My John Brown commentary arrived a few days ago, and after reading his take on this verse he has satisfied to my judgment that the verse should rightly be interpreted as teaching that Jesus Christ "does not (give help to) (deliver) (save) angels, but he does (give help to) (deliver) (save) the seed of Abraham." He points out that it would a needless repetition to be refering to the incarnation in this verse, since the writer has clearly expressed this point in verses 11 and 14. So, here, he is taking it step further to say that Christ "is not the deliverer of angels, but of the seed of Abraham".


----------



## MW (Mar 9, 2010)

Hebrew Student said:


> However, at this point, one has to ask what your ultimate authority really is. Is it the text of scripture or your theology? If your theology is being used to actually translate the text of scripture, then how could the text of scripture ever correct your theology?
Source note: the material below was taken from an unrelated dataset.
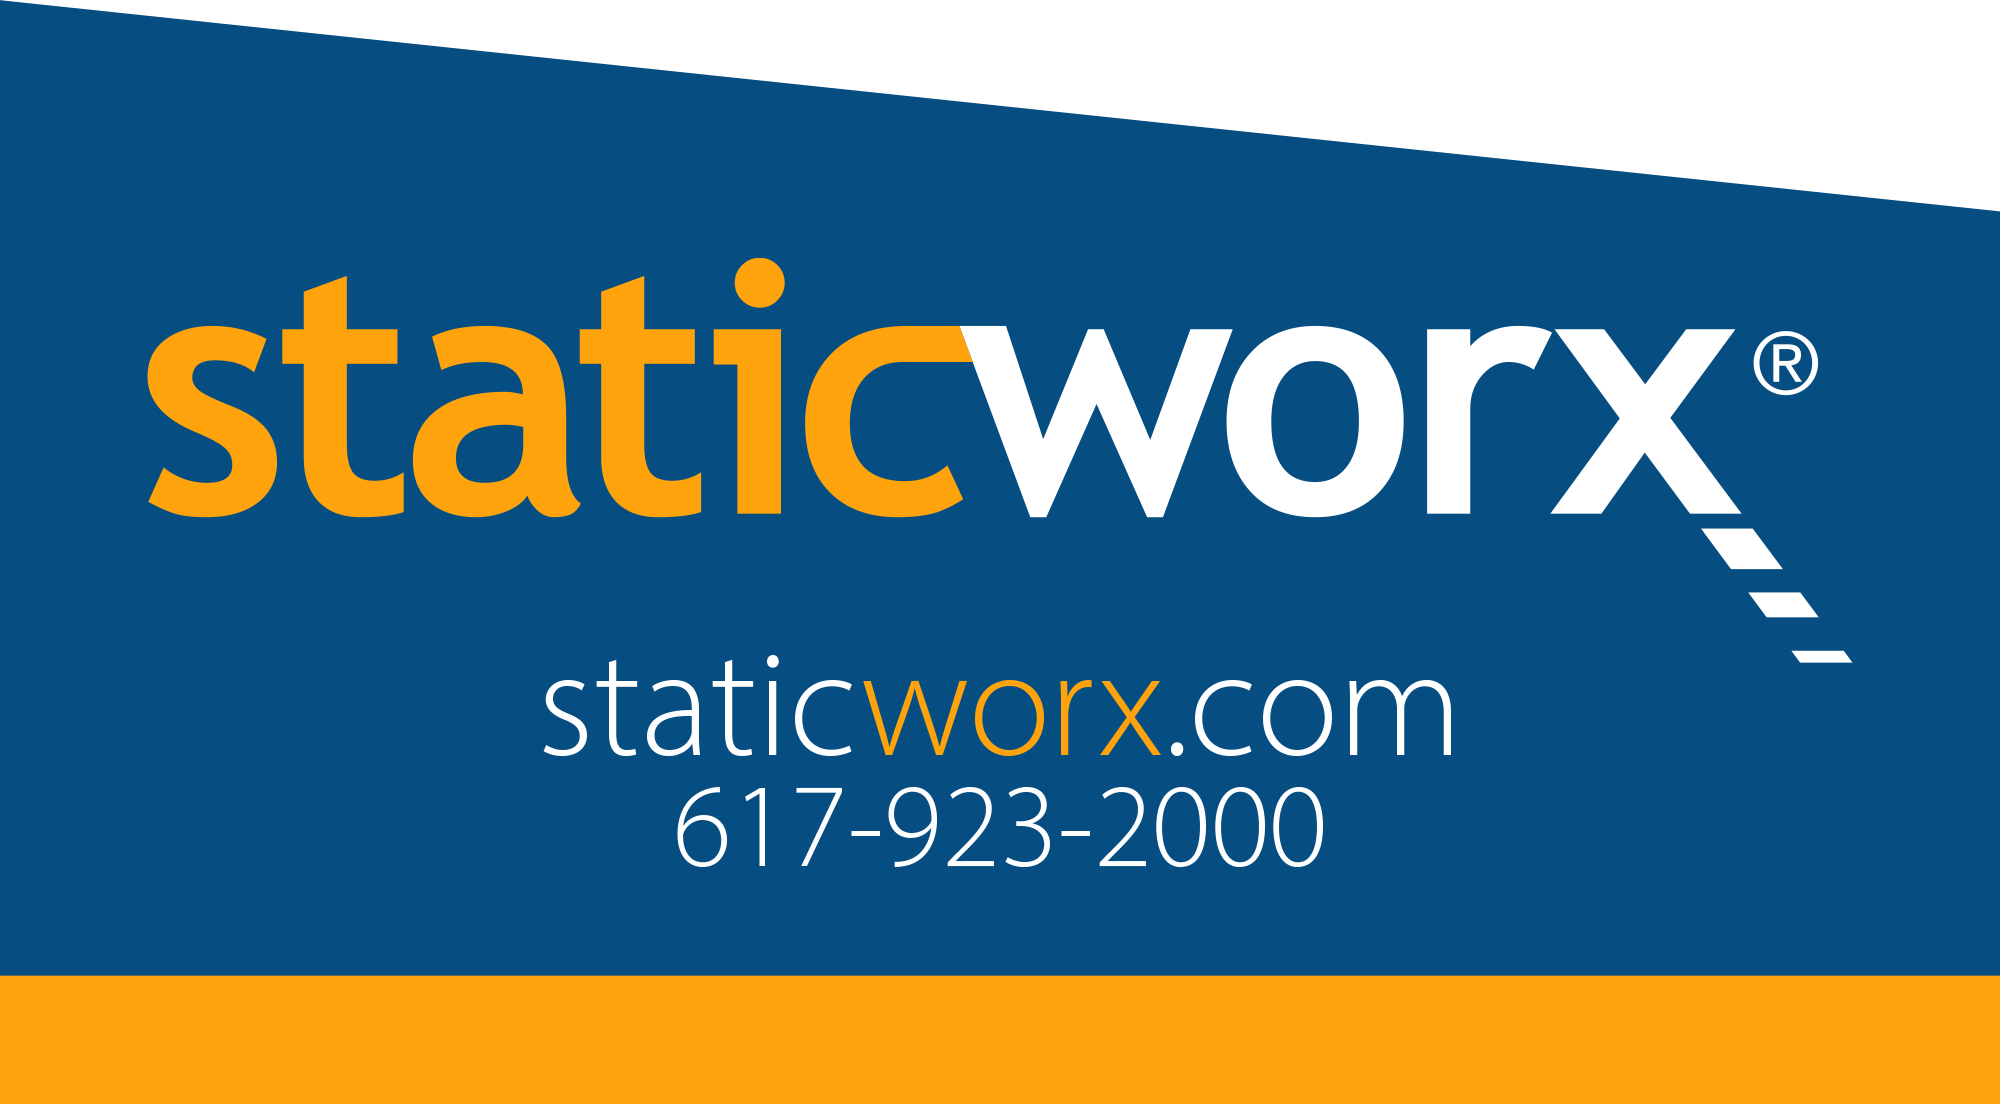 staticworx logo and website

It's called an exegetical spiral -- a well accepted fact of hermeneutics. If translators wish to neglect this reality then they only succeed in spiralling downwards in naivete.



Hebrew Student said:


> The translator must take care to accurately bring the *entirity* of the meaning from one text into another.



Which they clearly cannot do in the text under discussion, nor in any text of Scripture. Hence the translator's care to translate the entirety of meaning will show itself to be uncaring and downright deceptive.


----------



## Osage Bluestem (Mar 9, 2010)

I would trust the KJV over any other translation. Those scholars were great and pious men, and God greatly blessed their translation. These new translations are a dime a dozen and their all based on manuscripts that everyone thinks were recently found because somehow the ECFs must have lost them or something. I would certainly lean more towards the camp that says they put them away or threw them away because they weren't as accurate, I highly doubt that they just didn't know about them. Older garbage doesn't mean better manuscripts by a pious hand.


----------



## heartoflesh (Mar 11, 2010)

DD2009 said:


> I would trust the KJV over any other translation. Those scholars were great and pious men, and God greatly blessed their translation. These new translations are a dime a dozen and their all based on manuscripts that everyone thinks were recently found because somehow the ECFs must have lost them or something. I would certainly lean more towards the camp that says they put them away or threw them away because they weren't as accurate, I highly doubt that they just didn't know about them. Older garbage doesn't mean better manuscripts by a pious hand.


 
I could be wrong, but I don't believe the rendering of this verse has anything to do with any textual variant.


----------